FOSDEM 2020
/
Schedule
/
Events
/
Developer rooms
/
HPC, Big Data, and Data Science
/
Maggy: Asynchronous distributed hyperparameter optimization based on Apache Spark

Maggy: Asynchronous distributed hyperparameter optimization based on Apache Spark

Asynchronous algorithms on a bulk-synchronous system

Track: HPC, Big Data, and Data Science devroom
Room: UB5.132
Day: Sunday
Start: 10:30
End: 10:55

Maggy is an open-source framework built on Apache Spark, for asynchronous parallel execution of trials for machine learning experiments. In this talk, we will present our work to tackle search as a general purpose method efficiently with Maggy, focusing on hyperparameter optimization. We show that an asynchronous system enables state-of-the-art optimization algorithms and allows extensive early stopping in order to increase the number of trials that can be performed in a given period of time on a fixed amount of resources.
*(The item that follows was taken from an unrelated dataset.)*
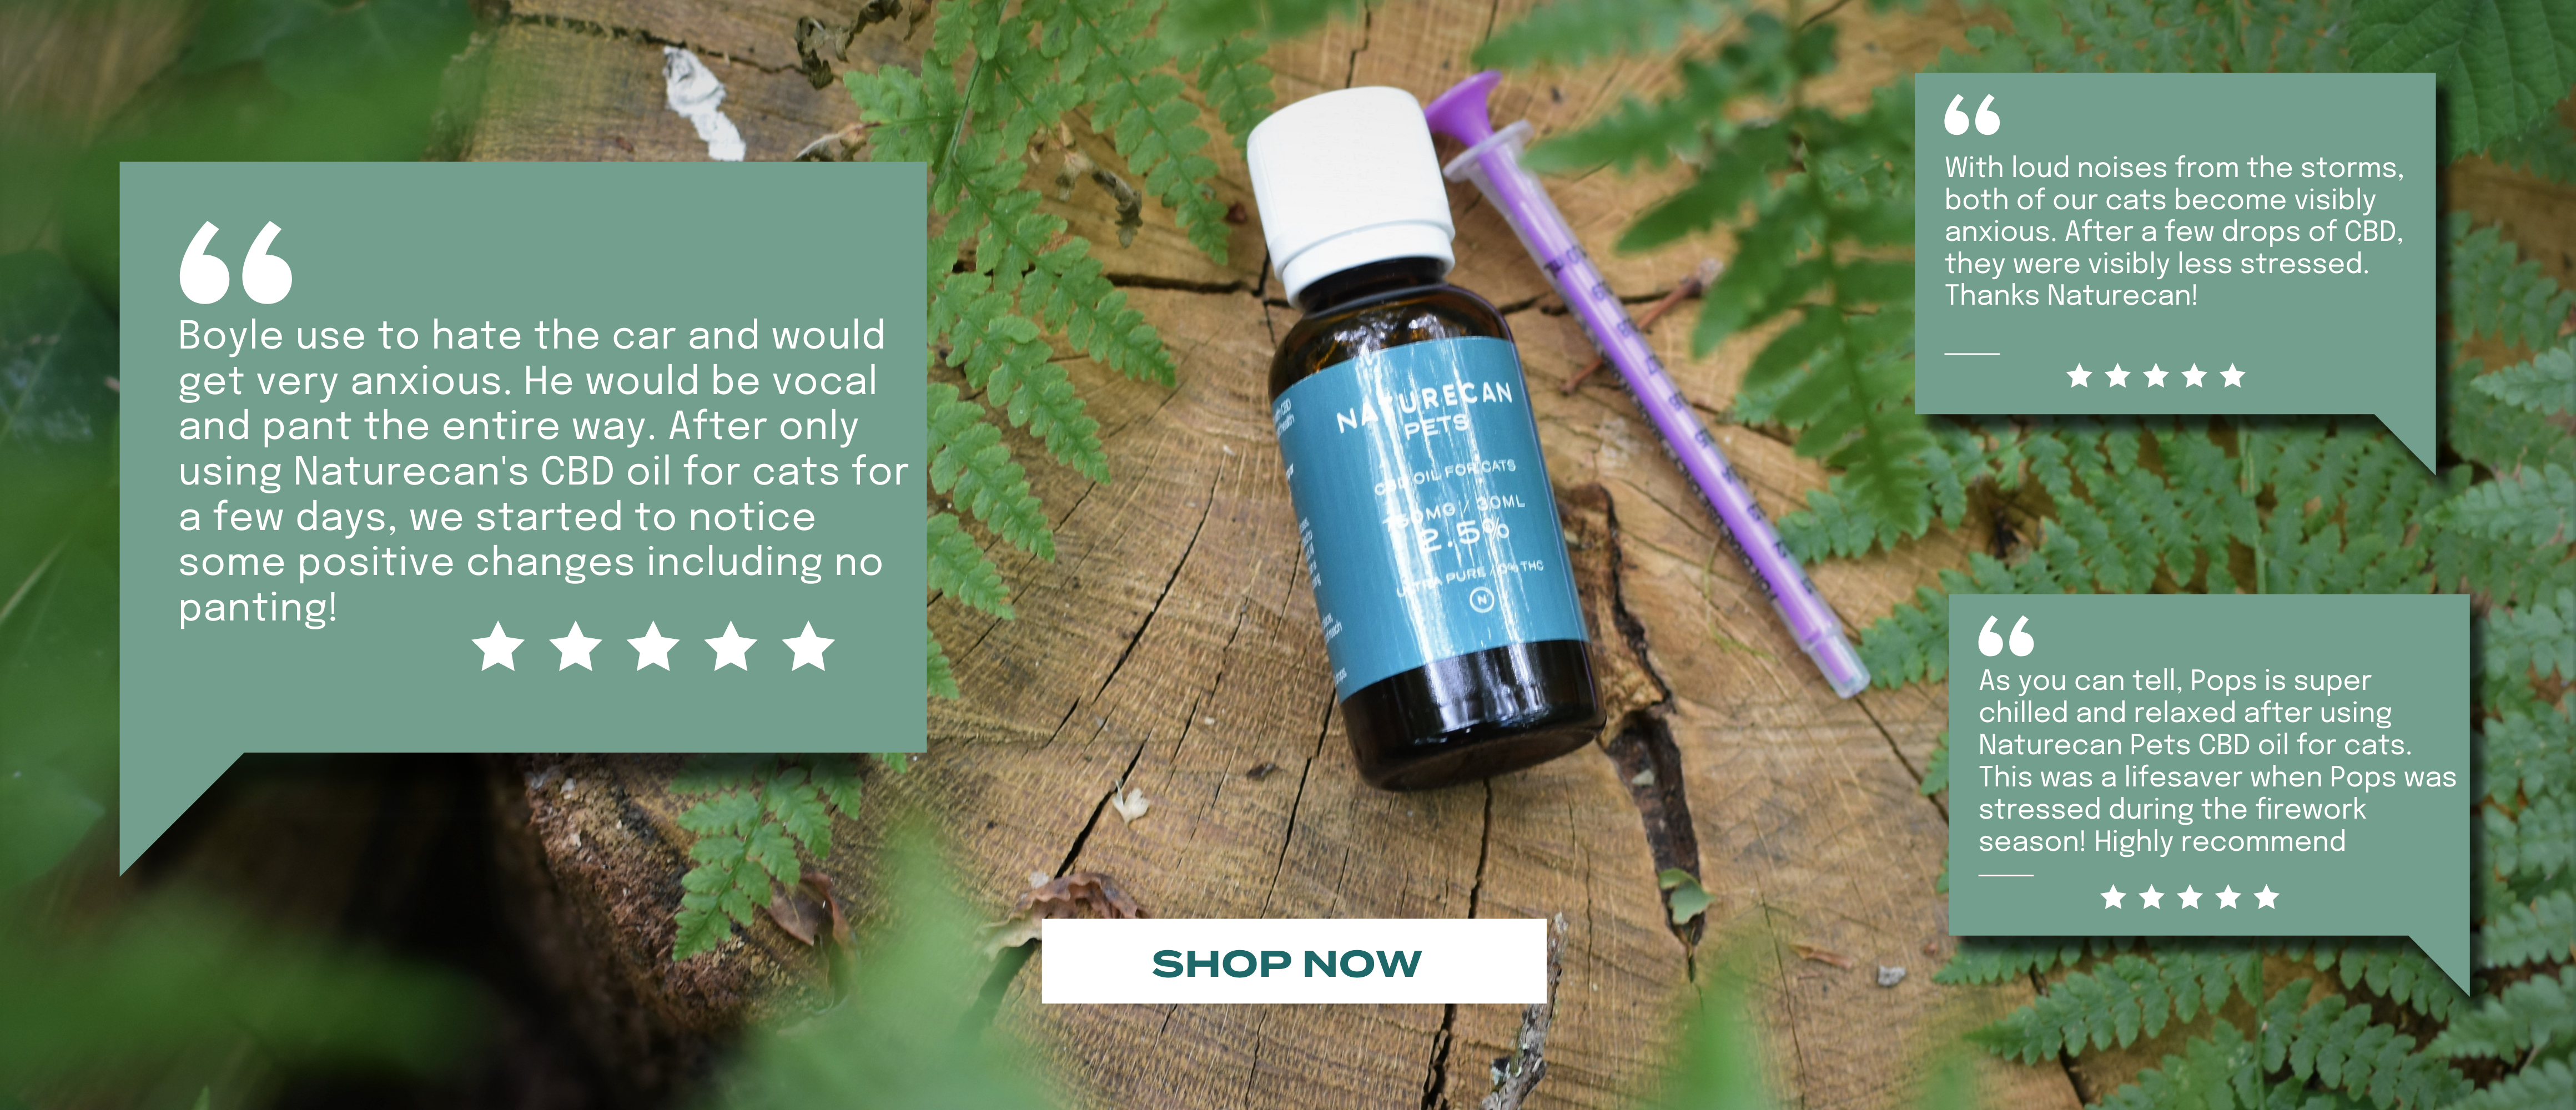 Product shot of CBD oil for cats on a log with 5 star reviews around it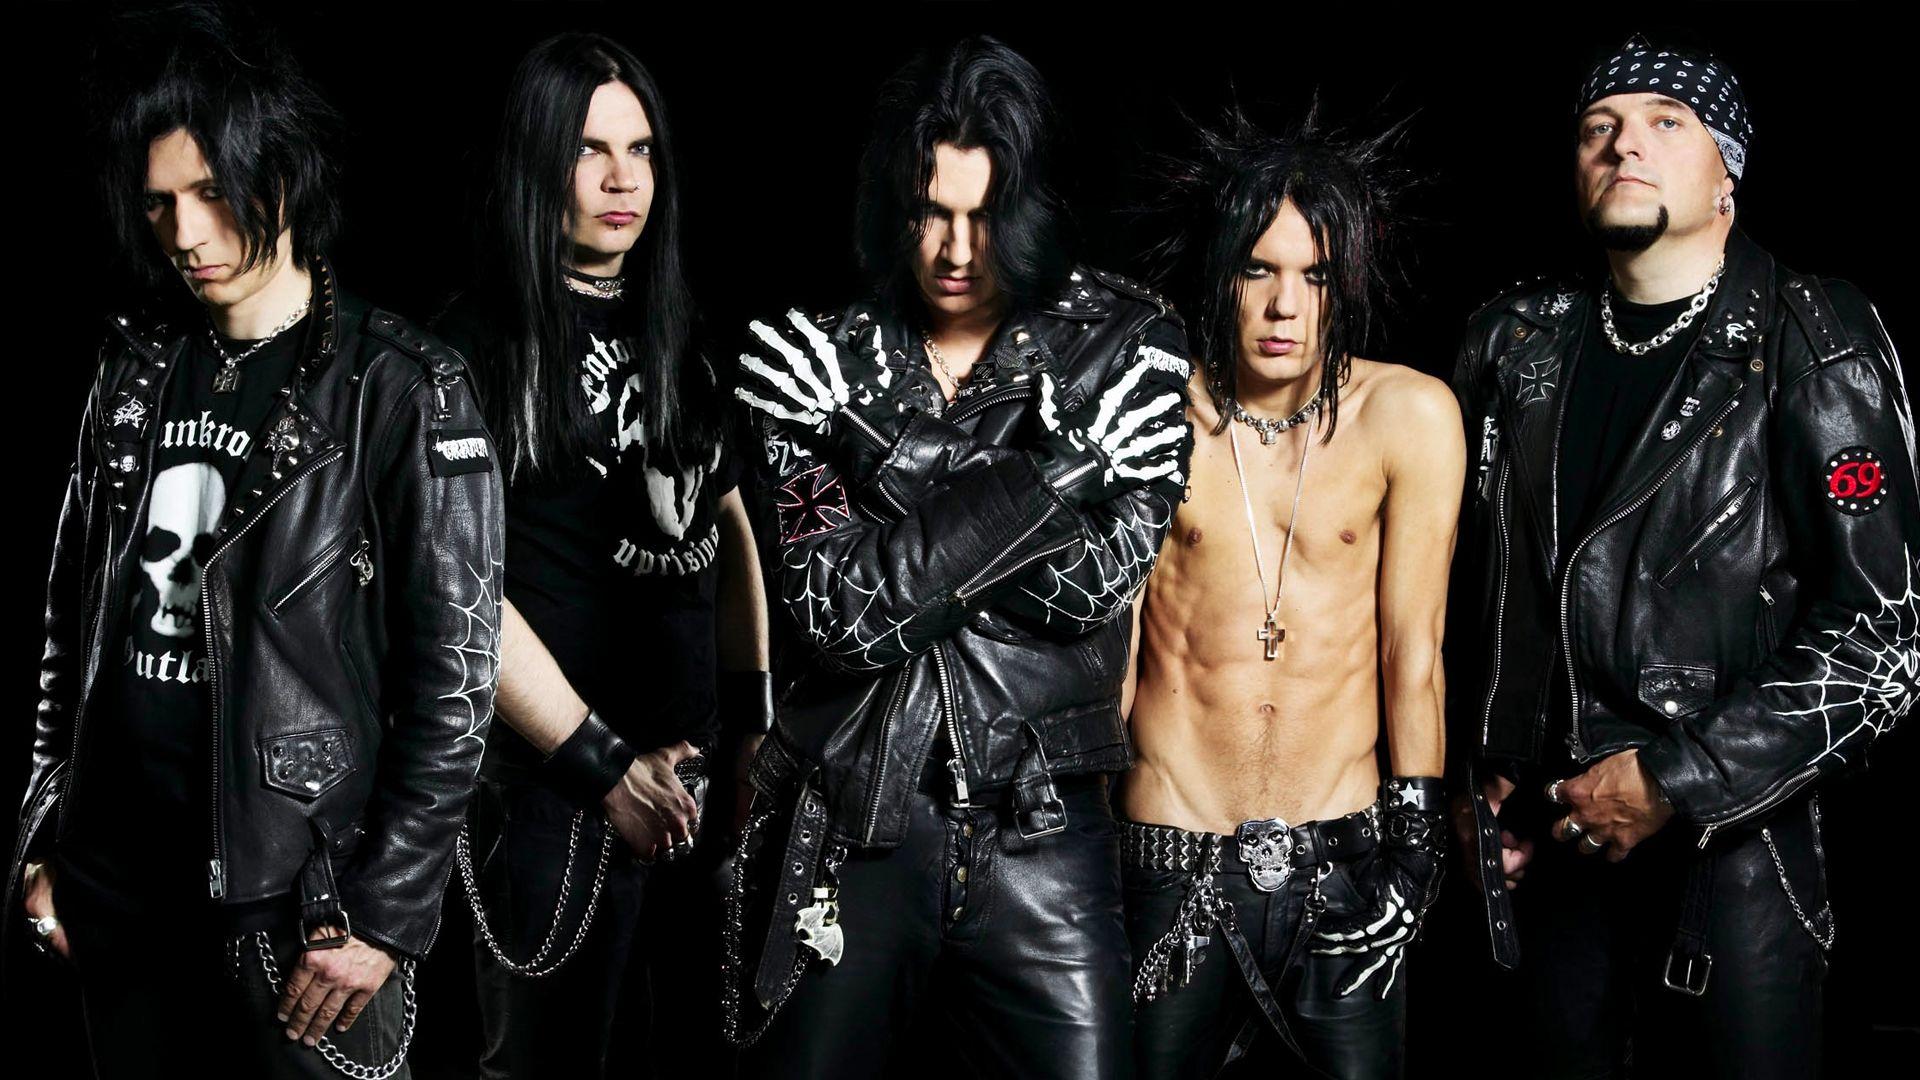 Download Wallpaper 1920x1080 the 69 eyes, rockers, chains, look

In "The Bitter Lesson of AI", Rich Sutton (father of reinforcement learning) claimed that general purpose methods (like search and learning) that scale with increased computation are the future of AI. Apache Spark is a general purpose framework for scaling out data processing with available compute, but there are challenges in making Sparks' bulk-synchronous execution mechanism work efficiently with search and (deep) learning. In this talk, we will present our work on Maggy, an open-source framework to tackle search as a general purpose method efficiently on Spark. Spark can be used to deploy basic optimizers (grid search, random search, differential evolution) proposing combinations of hyperparameters (trials) that are run synchronously in parallel on executors. However, many such trials perform poorly, and a lot of CPU and hardware accelerator cycles are wasted on trials that could be stopped early, freeing up resources for other trials. What is needed is support for asynchronous mechanisms. Maggy is an asynchronous hyperparameter optimization framework built on Spark that is able to transparently schedule and manage hyperparameter trials, by allowing limited communication, thereby increasing resource utilization, and massively increasing the number of trials that can be performed in a given period of time on a fixed amount of resources. Maggy is also built to support parallel ablation studies and applies to black box optimization/search problems in general. We will report on the gains we have seen in reduced time to find good hyperparameters and improved utilization of GPU hardware. Finally, we will perform a live demo on a Jupyter notebook, showing how to integrate Maggy in existing PySpark applications.